[Methods and results of in-vitro fertilisation in the Netherlands in the years 1983-1994]
- PMID: 15326650
[Methods and results of in-vitro fertilisation in the Netherlands in the years 1983-1994]
Abstract
Objective: To describe methods and results of in-vitro fertilisation (IVF) treatment during the first 12 years after the introduction of IVF treatment in the Netherlands. Design. Retrospective cohort study.
Method: A nationwide study was conducted among women who had had their first IVF cycle stimulated with gonadotrophins in 12 IVF centres in the Netherlands in the period 1 January 1983 to 31 December 1994 (n = 8, 184).
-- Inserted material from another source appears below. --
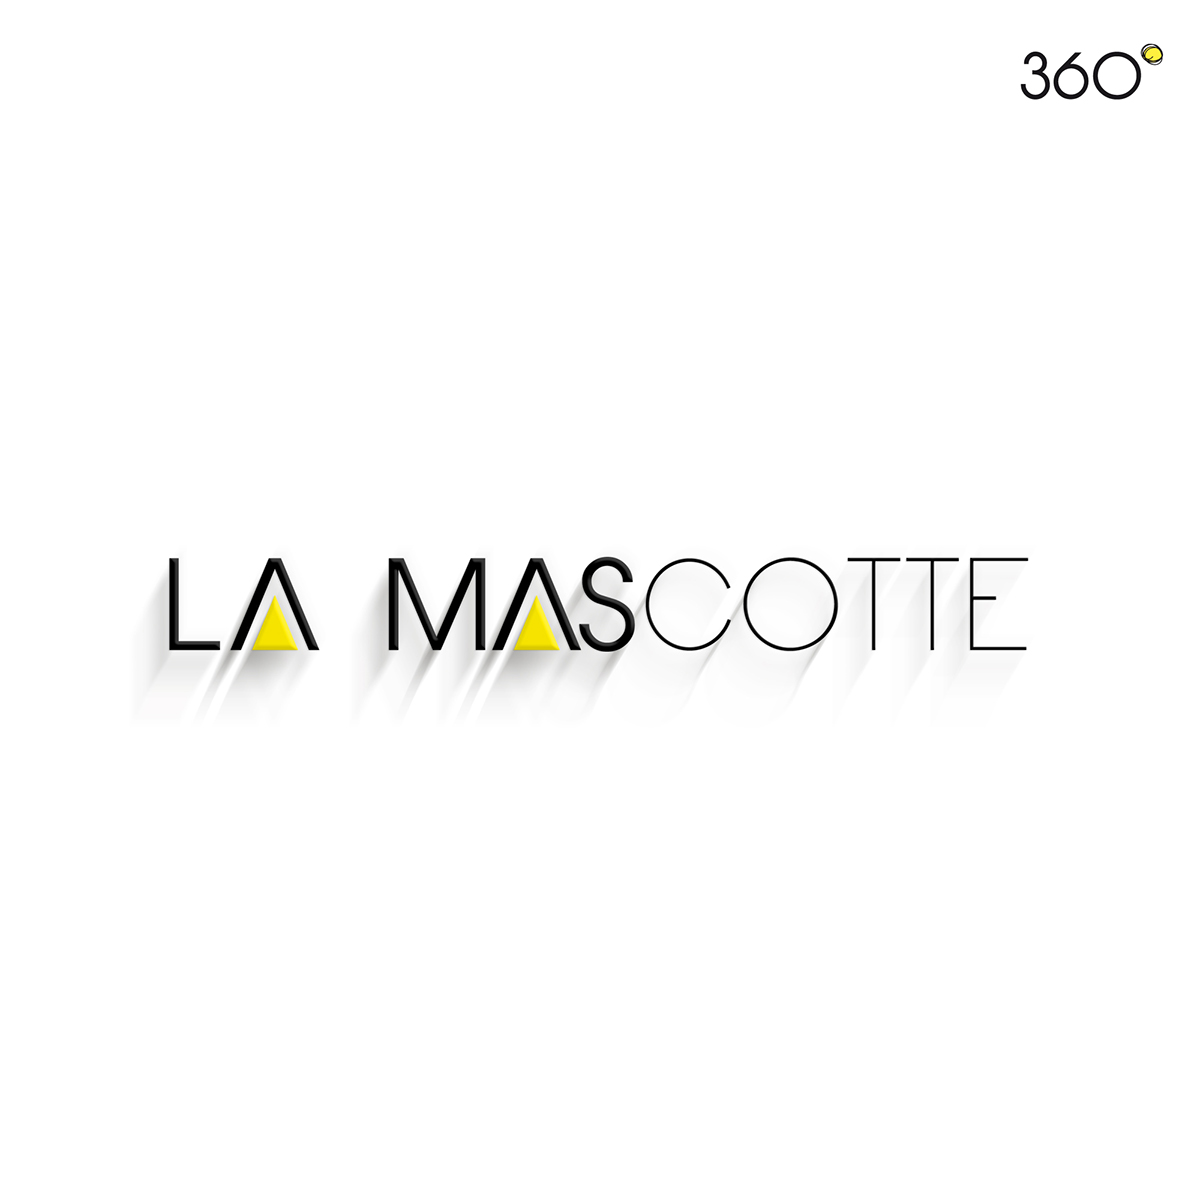 la mascotte mascotte design graphic logo print Coffee tunisia 360° decoration Salon de thé tearoom Cofeshop visual identity Sfax

Results: The subfertility diagnosis related to tubal factors decreased from 70% in 1987 to 25% in 1994. The subfertility diagnosis related to a male factor increased from 8.7% in 1987 to 35.5% in 1994. The mean age at first IVF treatment remained roughly constant. During the introduction of GnRH agonists there was an increase in gonadotrophin dosages, the number of retrieved oocytes, the number of high responders and/or women who experienced an ovarian hyperstimulation syndrome (OHSS). The percentage of deliveries with at least one baby born alive after the first IVF cycle increased from 6% in 1984 to 18% in 1994. The number of live births per 100 transferred embryos increased from 2.5 in 1985 to 12 in 1994. Furthermore, the mean numbers of embryos transferred after the first IVF cycle decreased from 3.2 in 1987 to 2.2 in 1994. The overall success rate - defined as the proportion of women who had at least one child born alive after one or more IVF cycles - for women who had their first IVF treatment between 1983 and 1994 was 37.1%. The percentage of triplets or quadruplets decreased from 8.7 in 1989 to 1.2 in 1994. The percentage of twin deliveries remained about 25.
Conclusion: The introduction of GnRH agonists and the higher dosages of gonadotrophins led to a higher oocyte harvest. During the first years of IVF treatment there was an increase in the success rate after the first treatment cycle. The overall success rate remained constant after 1991. The risk of developing an OHSS increased whereas the rate of twin deliveries remained constant.